# cocoa in his paw jacket



## cocoasmama (Apr 30, 2005)

I made cocoa this jacket for him today.

Jennie cocoasmama


----------



## Cooper (Jun 15, 2005)

I am so envious! Cocoa looks fabulous in the new jacket! AND when you go outside at night, it's easier to spot a darker dog with that coat on! LOL

I keep telling Cooper I'm going to sew reflective tape to his tail so I can see him at night - but a white or light colored jacket might work just as well. Plus, he wiggles so much under the sewing machine needle! :lol: :lol:


----------



## Gadget's Mom (Jan 14, 2005)

cute jacket


----------



## Rachael Polachek (Feb 19, 2005)

I just love little Cocoa. He looks like such a mommy's boy.  

Neat jacket! :wave:


----------



## Ms_P (Apr 25, 2004)

That's so cute!
I love that material!


----------



## Kari (May 13, 2004)

I really like the colors, good job! :wink:


----------



## Roie (Jul 19, 2005)

wow.. i absolutley love it,.. so cute, and i love the material


----------



## TundraQueen (Aug 12, 2005)

loooove the print! where did you find it?!


----------



## karis (Oct 2, 2004)

Cooper said:


> I am so envious! Cocoa looks fabulous in the new jacket! AND when you go outside at night, it's easier to spot a darker dog with that coat on! LOL
> 
> I keep telling Cooper I'm going to sew reflective tape to his tail so I can see him at night - but a white or light colored jacket might work just as well. Plus, he wiggles so much under the sewing machine needle! :lol: :lol:


You make me laugh....everytime I read one of your posts...lol :lol: Thanks!
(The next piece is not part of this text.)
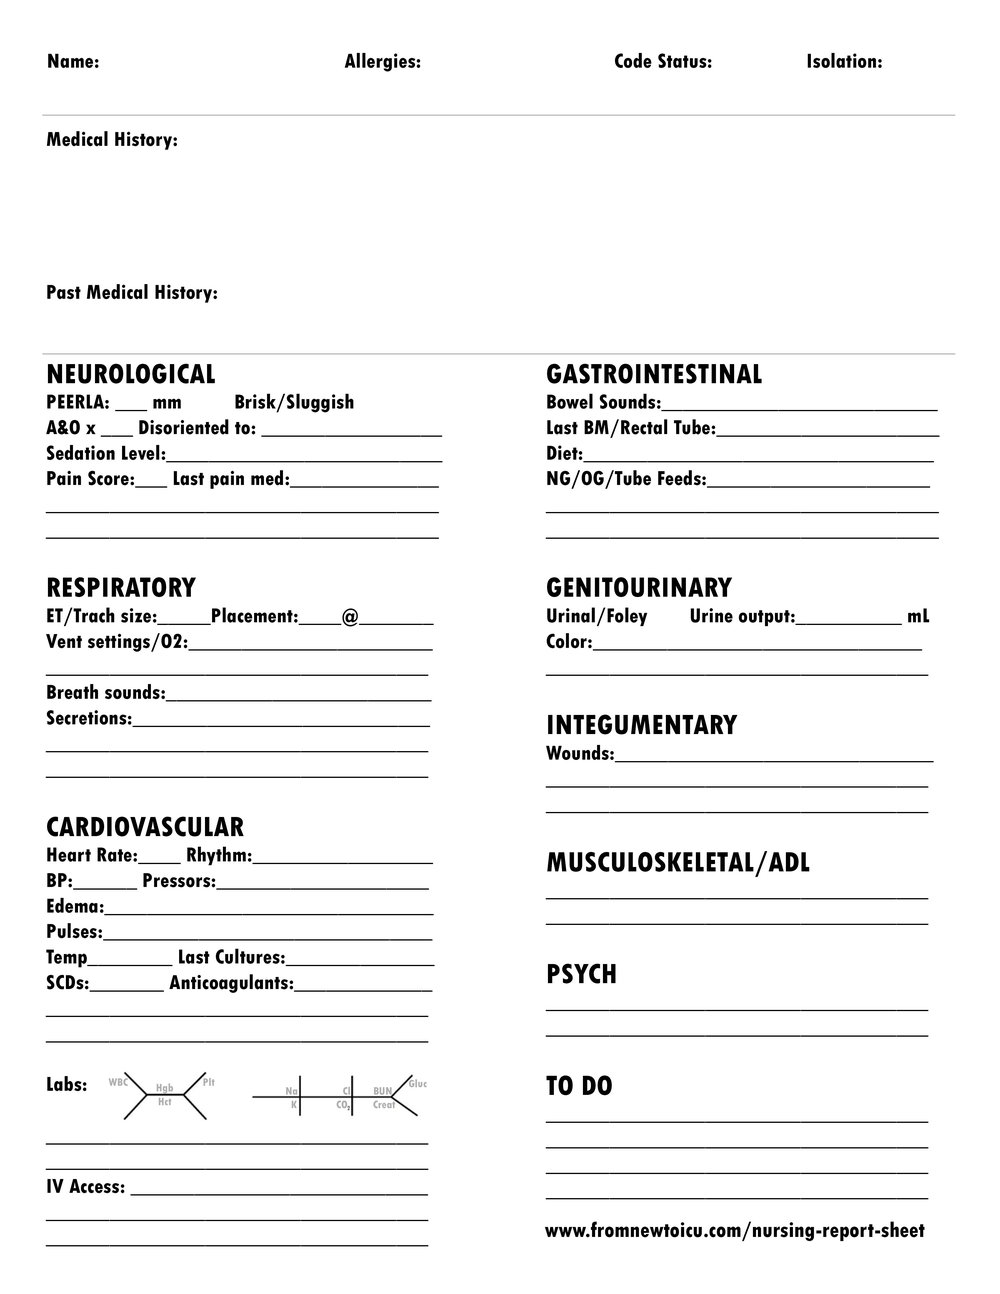 ICU Nursing Report Sheet.jpg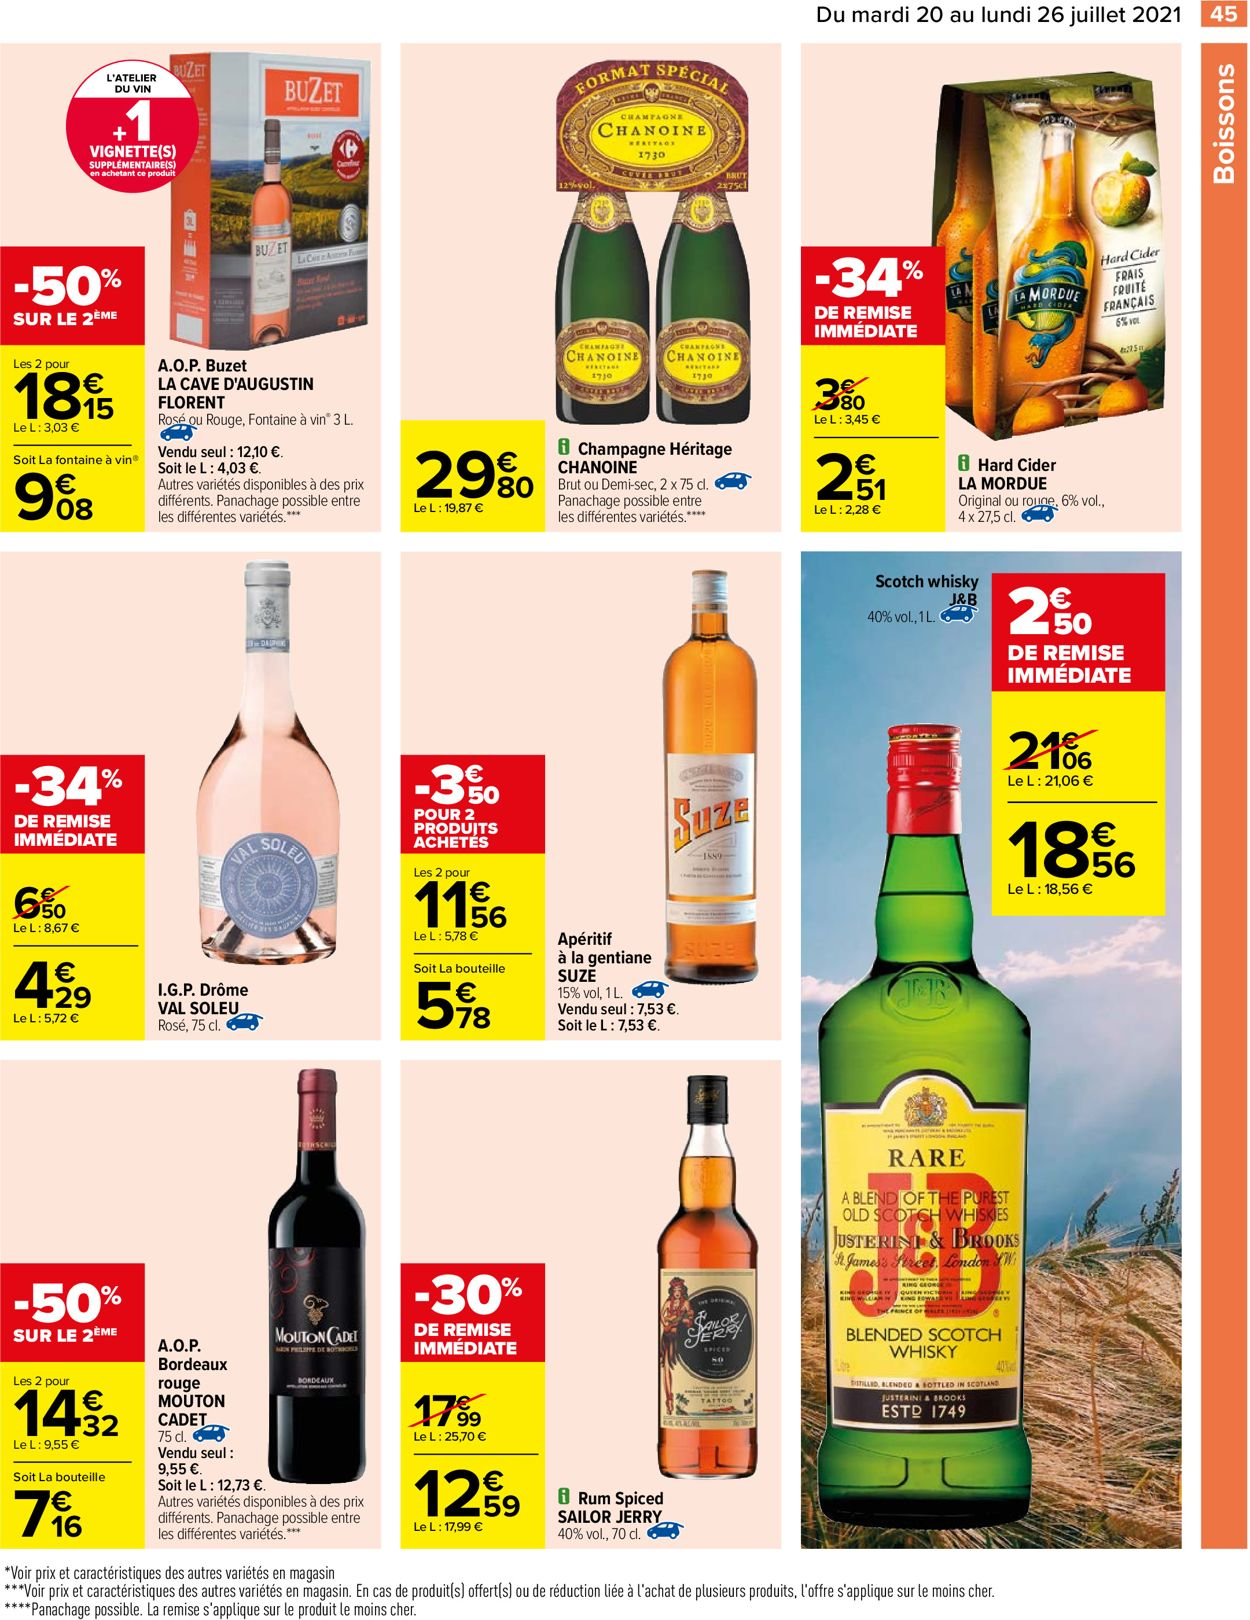 Carrefour Catalogue - 20.07-26.07.2021 (Page 49)

Cocoa looks absolutely darling in his new coat. I have been working on making Ella a dress.....we will see how it turns out! :lol:


----------



## Jayne (Jul 8, 2005)

what a lovely jacket :wave: cocoa is modelling it very nicely


----------



## chihuahua-lady (Apr 13, 2005)

thats a really cute jacket looks like cocoa is impressed


----------



## LuvMyChiwawas (Sep 1, 2005)

I can't stand it he is too cute.


----------



## Ed&EmsMom (Sep 6, 2005)

Sweet jacket and I love that paw print! I'm getting so encouraged by all these new fashions. I have to start sewing/crochetting for my two again. They need some new stuff too.


----------



## kealohalinaka (Sep 22, 2005)

love the shirt


----------